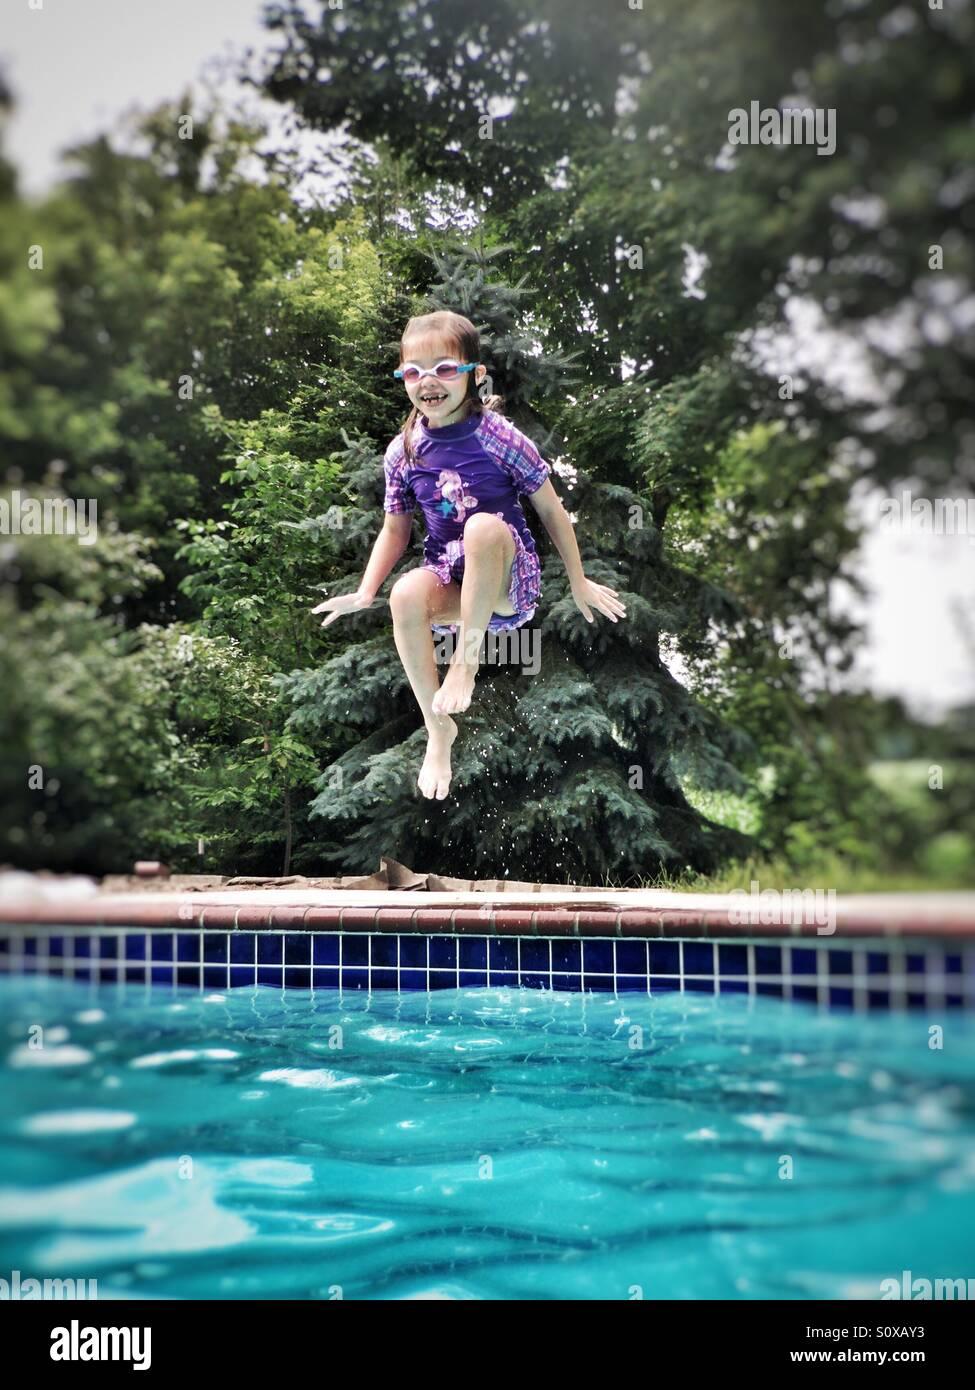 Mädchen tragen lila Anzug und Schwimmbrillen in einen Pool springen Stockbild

•••

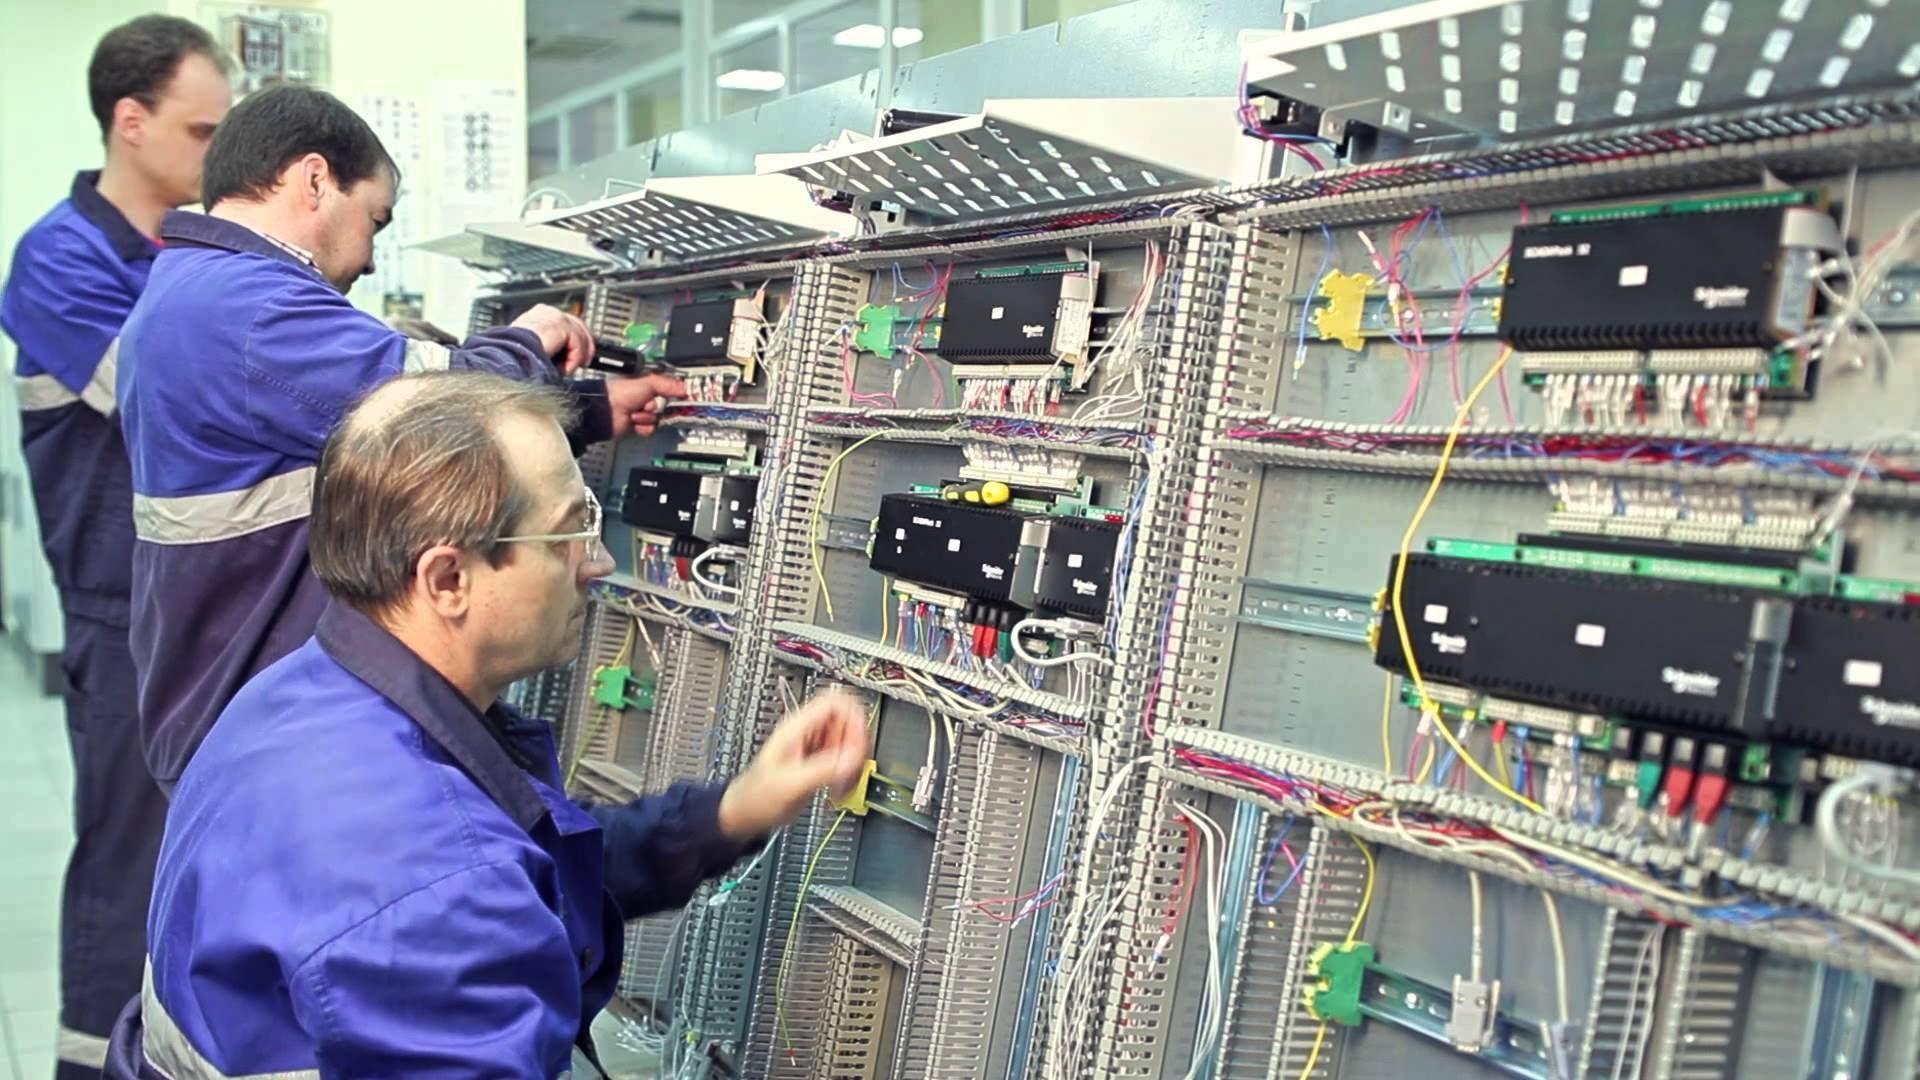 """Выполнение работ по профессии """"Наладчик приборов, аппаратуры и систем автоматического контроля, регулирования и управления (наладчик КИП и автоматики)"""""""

•••

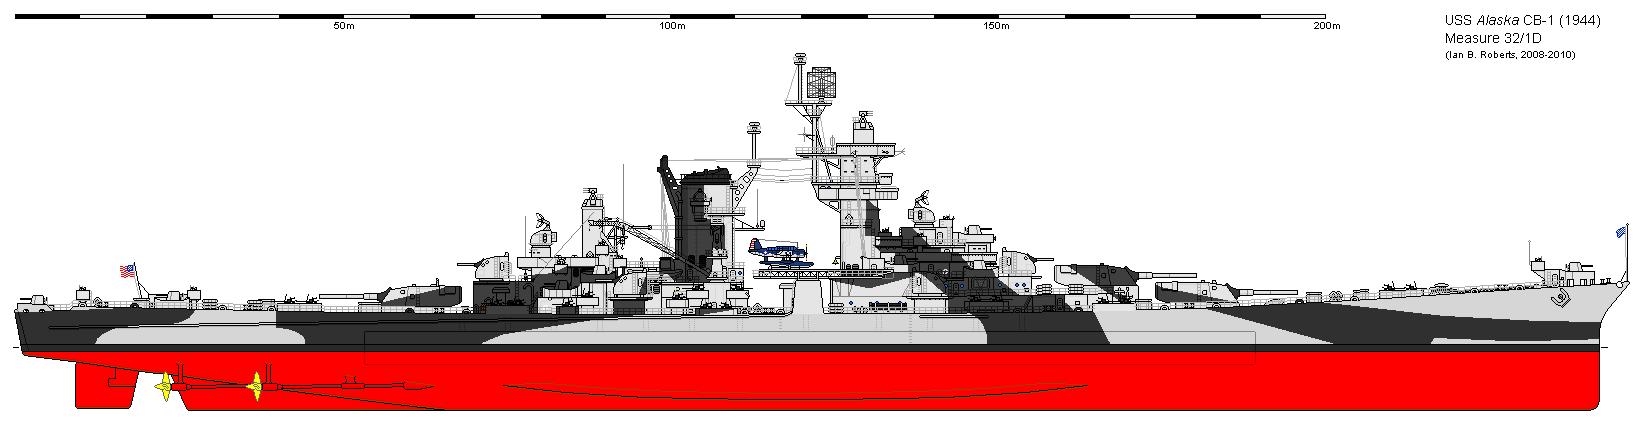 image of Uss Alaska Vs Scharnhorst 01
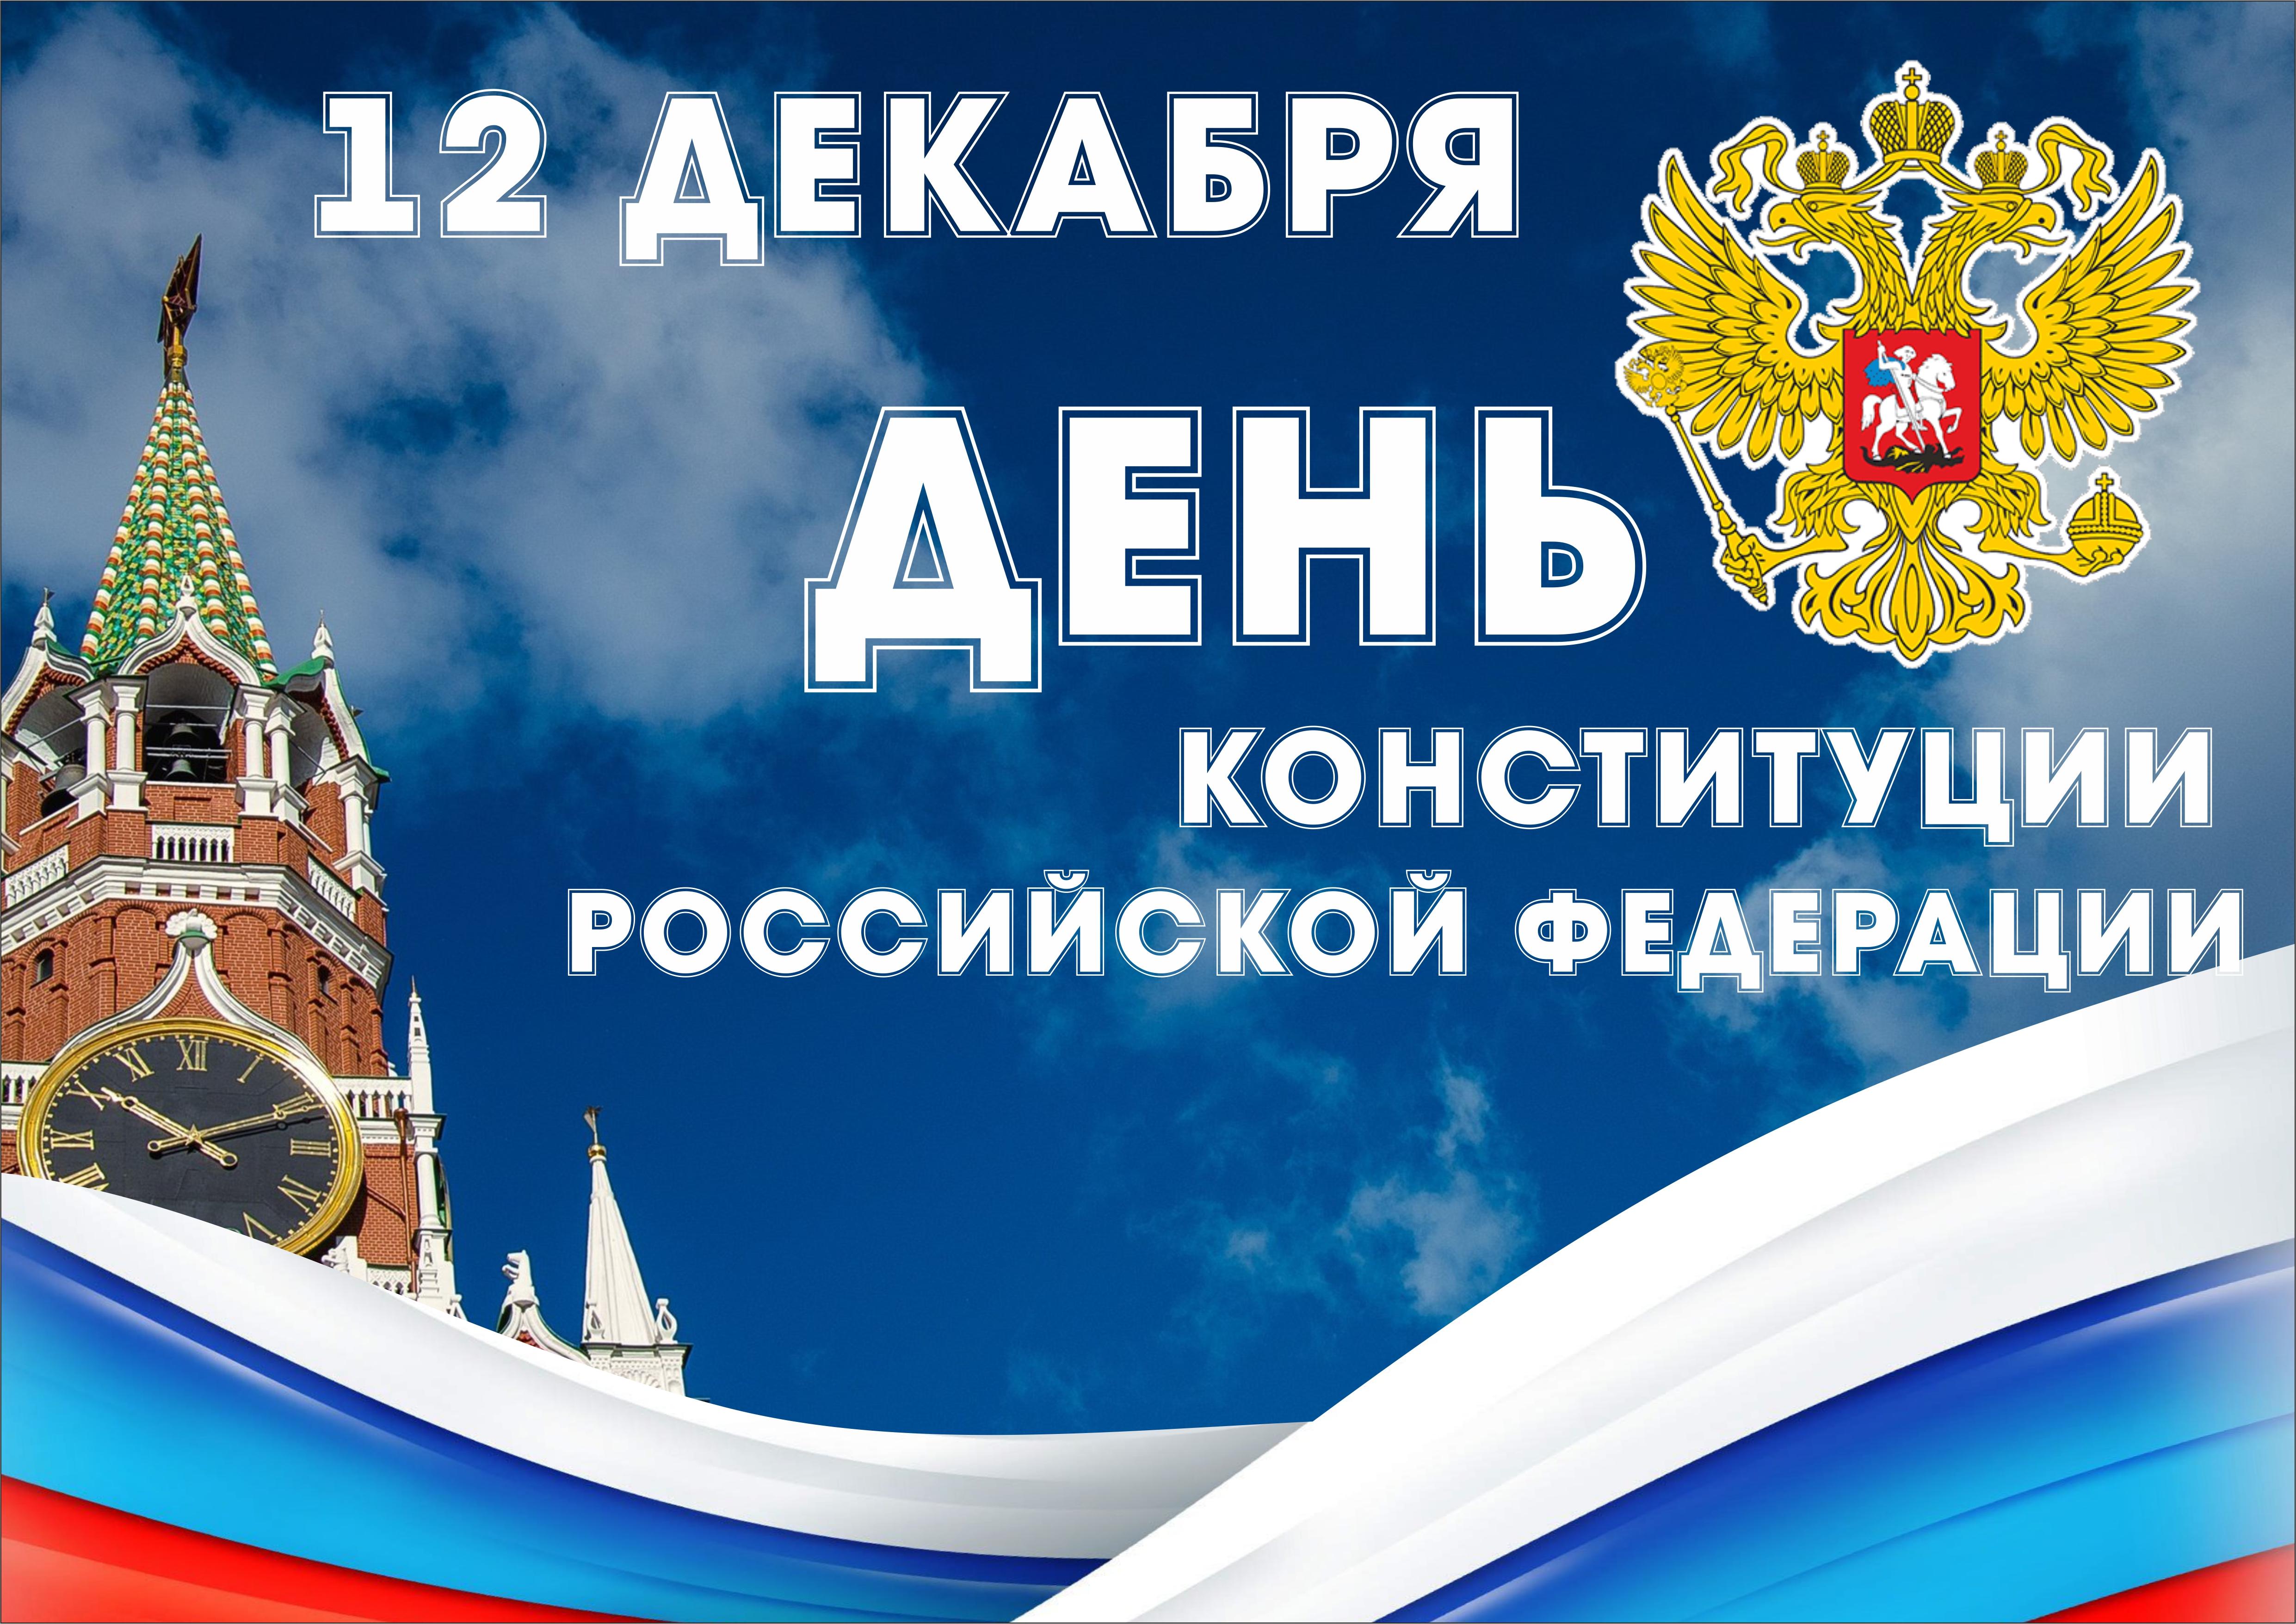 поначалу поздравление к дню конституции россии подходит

•••

TASK GOAL:
Would you copy out, exactly and with no pictures, only the lines above from the one that contains "image of Uss Alaska Vs Scharnhorst 01" through the one that contains "поначалу поздравление к"?

PROBLEM SOLUTION:
 image of Uss Alaska Vs Scharnhorst 01
 поначалу поздравление к дню конституции россии подходит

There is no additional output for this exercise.